1.2 "Authorized User" means all employees identified by Client in writing, that are designated by Client as authorized to use the Product(s). Authorized Users also include all persons, including all agents, contractors, consultants, and their respective employees, that Client designates to use the Product(s) and which have been approved by Kaufman Hall. Client’s use of the Product(s) is/are restricted to use solely for the benefit of the site or sites specified in the Engagement Agreement (each, a “Site”) by those Authorized Users who have responsibilities in connection with the Site(s). For any Authorized User who is not an employee of Client, Kaufman Hall's explicit prior written consent for such contractors and consultants to access and use the Product(s) is/are required as well as each contractor’s execution of a confidentiality agreement acceptable to Kaufman Hall.
2. OWNERSHIP AND ACCESS.
2.1 Kaufman Hall is and shall continue to be the sole owner of the Product(s) and any modifications or other derivative works based thereon (except for those portions of the Product(s) not owned by Kaufman Hall, but which Kaufman Hall has full right to make available to Client under these Terms), and any derivatives, suggestions, ideas, enhancement requests, feedback, recommendations or other information provided by Client or any other party relating to the Product(s). The Product(s) is/are Confidential Information, as defined by the applicable Engagement Agreement, protected by copyright law, is of a proprietary nature, and contains trade secret information. Client and its Authorized Users shall not copy, print, reproduce, distribute, download, frame, mirror, republish, display, transmit, link to, modify, transfer or assign, create any derivative works based on the Product(s) or store any copies thereof nor permit any other person to do so. Client shall (i) use all reasonable efforts, but in no event less than due diligence and care, to preserve the proprietary character of the Product(s), (ii) treat the Product(s) as confidential, (iii) prevent any unauthorized access to, or use of, the Product(s) and, in the event of any such unauthorized access or use, promptly notify Kaufman Hall, and (iv) not remove or obscure Kaufman Hall’s or any other party’s copyright or proprietary rights notices. Access to the Product(s) is/are restricted to those Authorized Users of Client who have a need to know information regarding the Product(s) for the use permitted hereunder. Because the Product(s) is/are protected as a trade secret, the Product(s) is/are not permitted to be disclosed in response to requests made pursuant to the Health Insurance Portability and Accountability Act of 1996 (“HIPAA”) or any other data disclosure law that exempts disclosure of information or documents protected as trade secrets. Client shall notify Kaufman Hall of any actual or threatened breach of these provisions, and Client shall cooperate with Kaufman Hall in enforcing such provisions.
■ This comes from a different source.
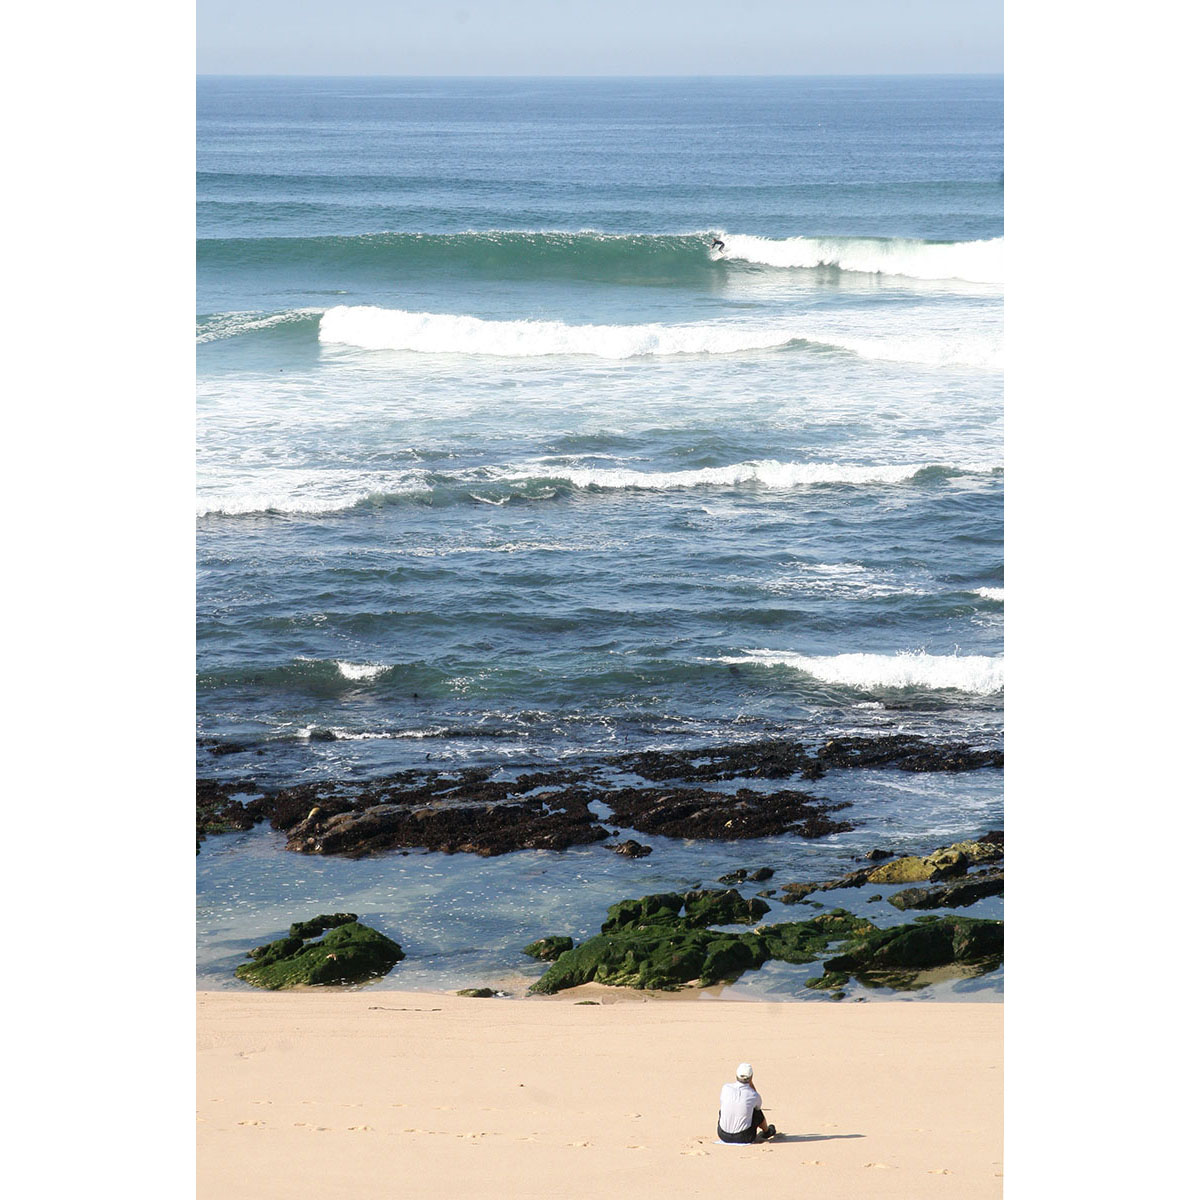 Northern Portugal secret spot

2.2 To the extent required to provide the Product(s) to Client, such as, by way of example and not limitation, to customize the Product(s) for Client, Client grants to Kaufman Hall a nonexclusive, limited, royalty-free right and license to use such trademarks, services marks, logos and other source identifiers of Client (collectively, the "Client Marks") as Client specifies solely for the purposes permitted under these Terms. Client is and shall continue to be the sole owner of the Client Marks. Client agrees to indemnify, defend and hold Kaufman Hall, its subsidiaries and their respective officers, directors, members, employees, affiliates, shareholders, agents, successors, representatives, and assigns harmless against any and all liabilities, losses, damages, claims, debts, investigations, fines, penalties, costs, expenses and settlements (including attorneys' fees) arising out of or related to any claim that Kaufman Hall's use of the Client Marks as permitted herein infringes the intellectual property rights of any third party.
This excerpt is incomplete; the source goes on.